Книга уже изрядно пропиталась влагой. Я пропустил оставшиеся «Отражения» и открыл репродукции небольших картин следующего десятилетия, написанных маслом и темперой. Он снова жил один, Доминик Сильва регулярно присылал ему деньги, а иногда продавал одну-две работы. В его палитре стали преобладать более светлые тона, творческая манера стала более лаконичной. Теперь он писал отвлеченные, едва узнаваемые пейзажи, городские виды, этюды оживленных улиц, растворявшихся в густом тумане. Прохожий влек за собой свой расплывающийся силуэт, горы поглощало месиво облаков, башня, казалось, делалась прозрачной под напором слишком яркого фона, проступавшего сквозь ее контуры; напрасно вы пытались их различить: то, что минуту назад вы принимали за окно, оказывалось солнечным бликом, деталь искусно украшенной каменной кладки превращалась в причудливой формы облако, и чем дольше вы рассматривали картину, тем меньше на холсте оставалось от башни{9}. «Это совсем просто, — сказал Каминский в своем первом интервью, — и дьявольски трудно. Я ведь слепну. Вот это я и пишу. И ничего больше».

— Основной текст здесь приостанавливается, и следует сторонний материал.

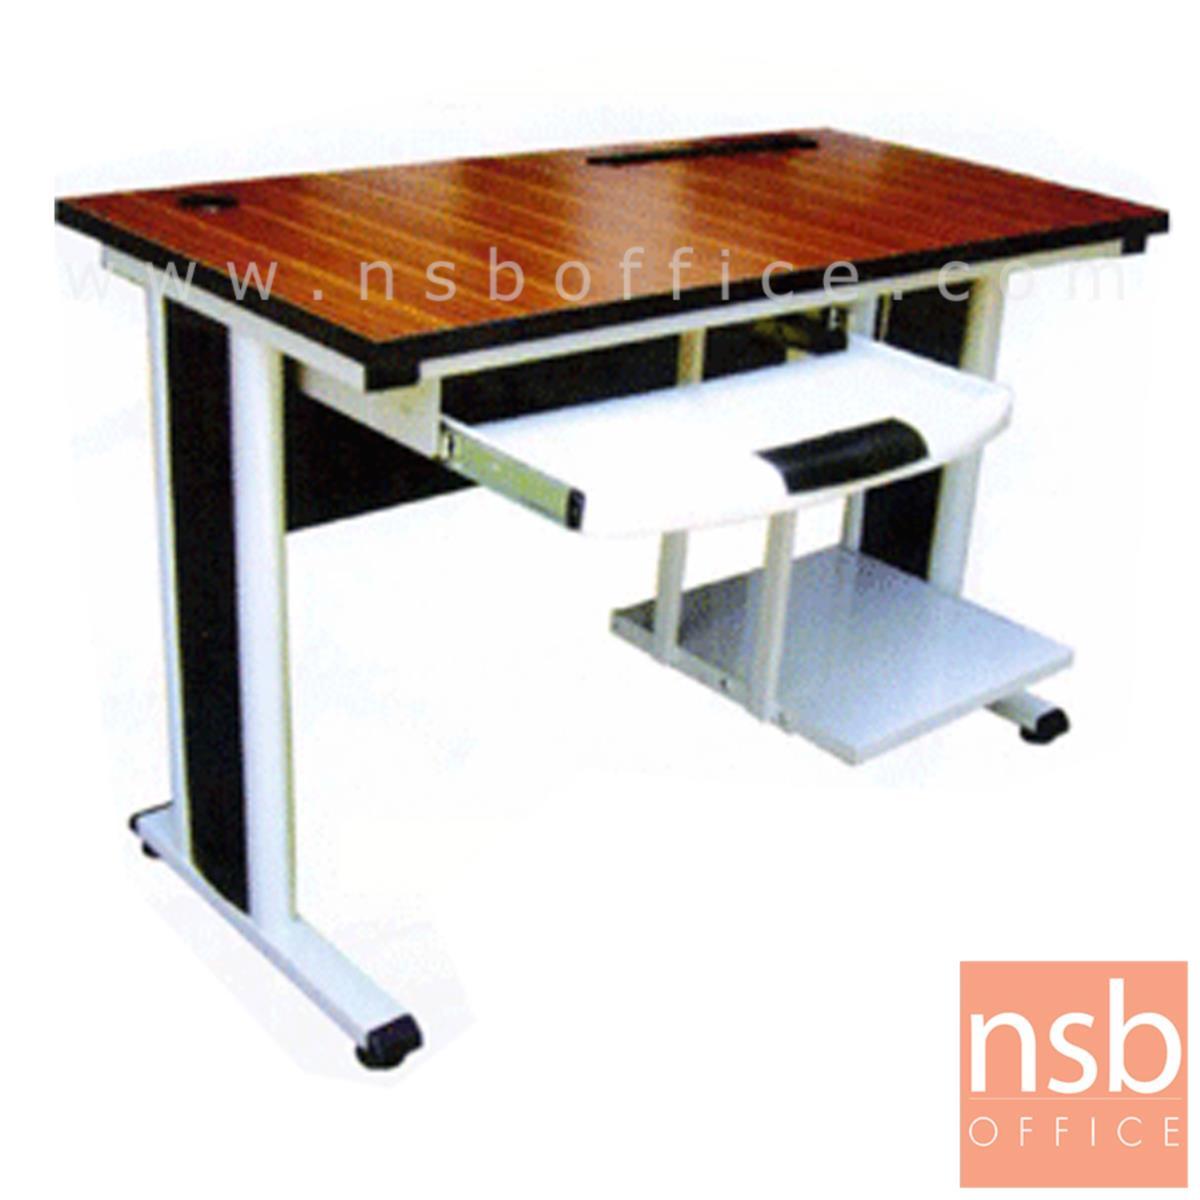 A10A021:โต๊ะคอมพิวเตอร์ ขนาด 120W*75H cm. พร้อมที่วางซีพียูและรางคีย์บอร์ดพลาสติก รุ่น Athena (อธีน่า)  ขาเหล็กสีเทา

Я прислонился затылком к облицованной кафелем стене и поставил книгу себе на грудь. «Вечернее солнце, разложенное на цвета спектра», «Отрешенная молитва Магдалины» и прежде всего «Размышления во время прогулки перед сном» по мотивам самого знаменитого стихотворения Риминга: почти неразличимый силуэт человека, одиноко бредущего сквозь свинцово-серую тьму. Собственно, только как дань уважения Римингу «Размышления» были показаны на выставке художников-сюрреалистов, где на них случайно обратил внимание Клас Ольденбург{10}. Два года спустя при посредничестве Ольденбурга одна из наименее удачных работ Каминского, «Обретение веры святым Фомой», экспонировалась на выставке поп-арта в галерее Лео Кастелли в Нью-Йорке. К названию картины организаторы добавили «painted by a blind man»[11], а рядом поместили фотографию Каминского в черных очках. Узнав об этом, он так разозлился, что на две недели слег с лихорадкой. Выздоровев, он обнаружил, что отныне знаменит.

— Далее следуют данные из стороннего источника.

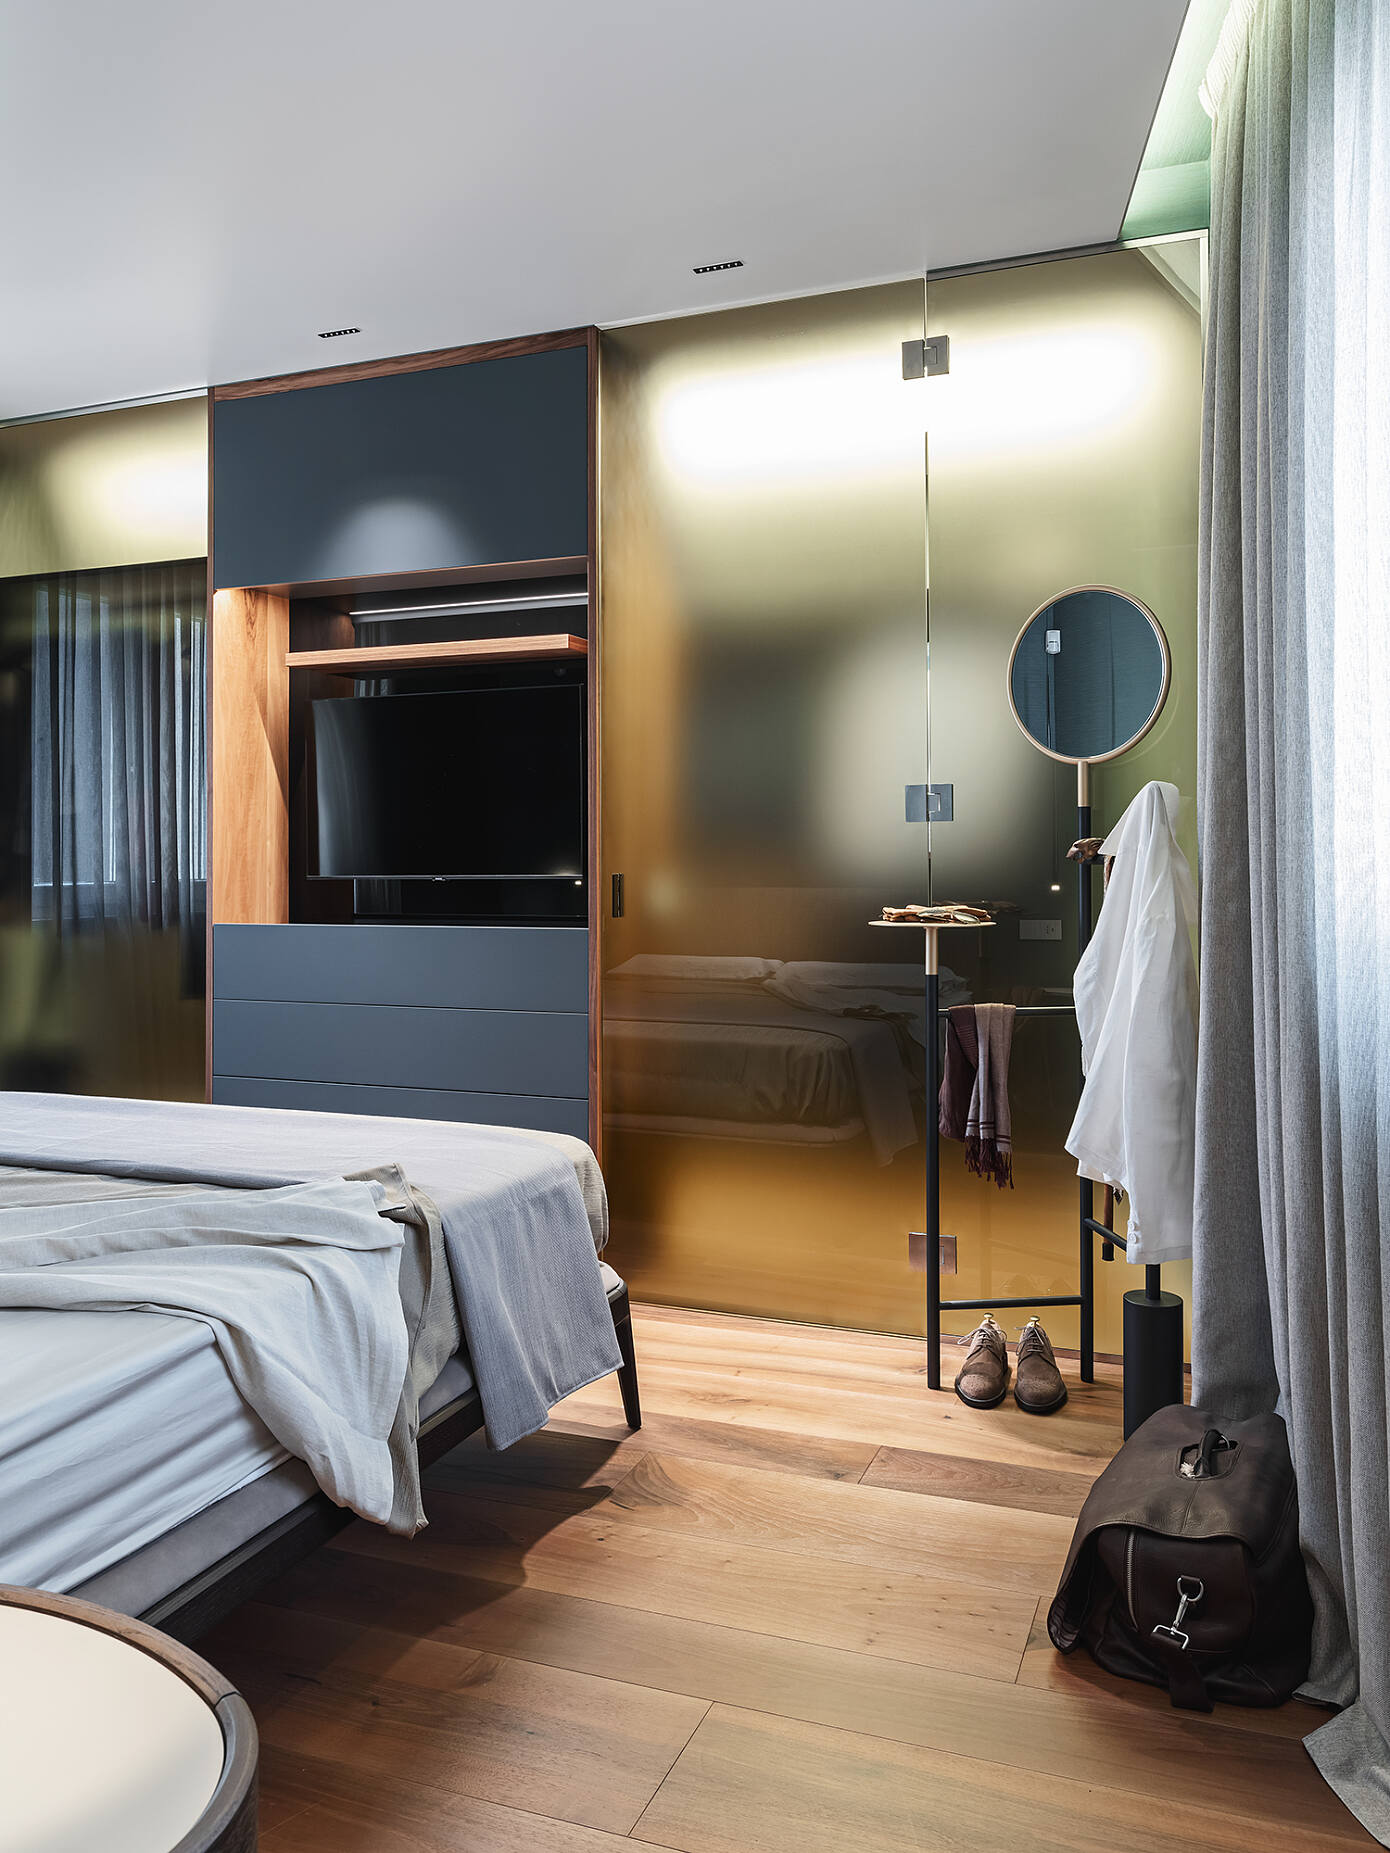 Apartment in Altamura by Gentile.Forte.Garripoli

Я осторожно вытянул затекшие руки и потряс сначала правой, а потом левой; книга была довольно тяжелая. Сквозь приоткрытую дверь мой взгляд упал на картину, изображавшую старого крестьянина. Он держал в руках косу и гордо ее рассматривал. Картина мне нравилась. В сущности, нравилась больше, чем те, о которых я писал изо дня в день.

Прежде всего из-за слухов о его слепоте слава Каминского внезапно обошла весь мир. А когда его заверения, что он все еще видит, постепенно развеяли слухи, ситуацию уже нельзя было изменить: Музей Гуггенхейма организовал ретроспективный показ его работ, цены на его картины достигли головокружительных высот, фотографии запечатлели художника с четырнадцатилетней дочерью, в ту пору действительно хорошенькой девочкой, на вернисажах в Нью-Йорке, Монреале и Париже. Но зрение у него все ухудшалось. Он купил дом в Альпах и, поселившись в нем, стал жить затворником.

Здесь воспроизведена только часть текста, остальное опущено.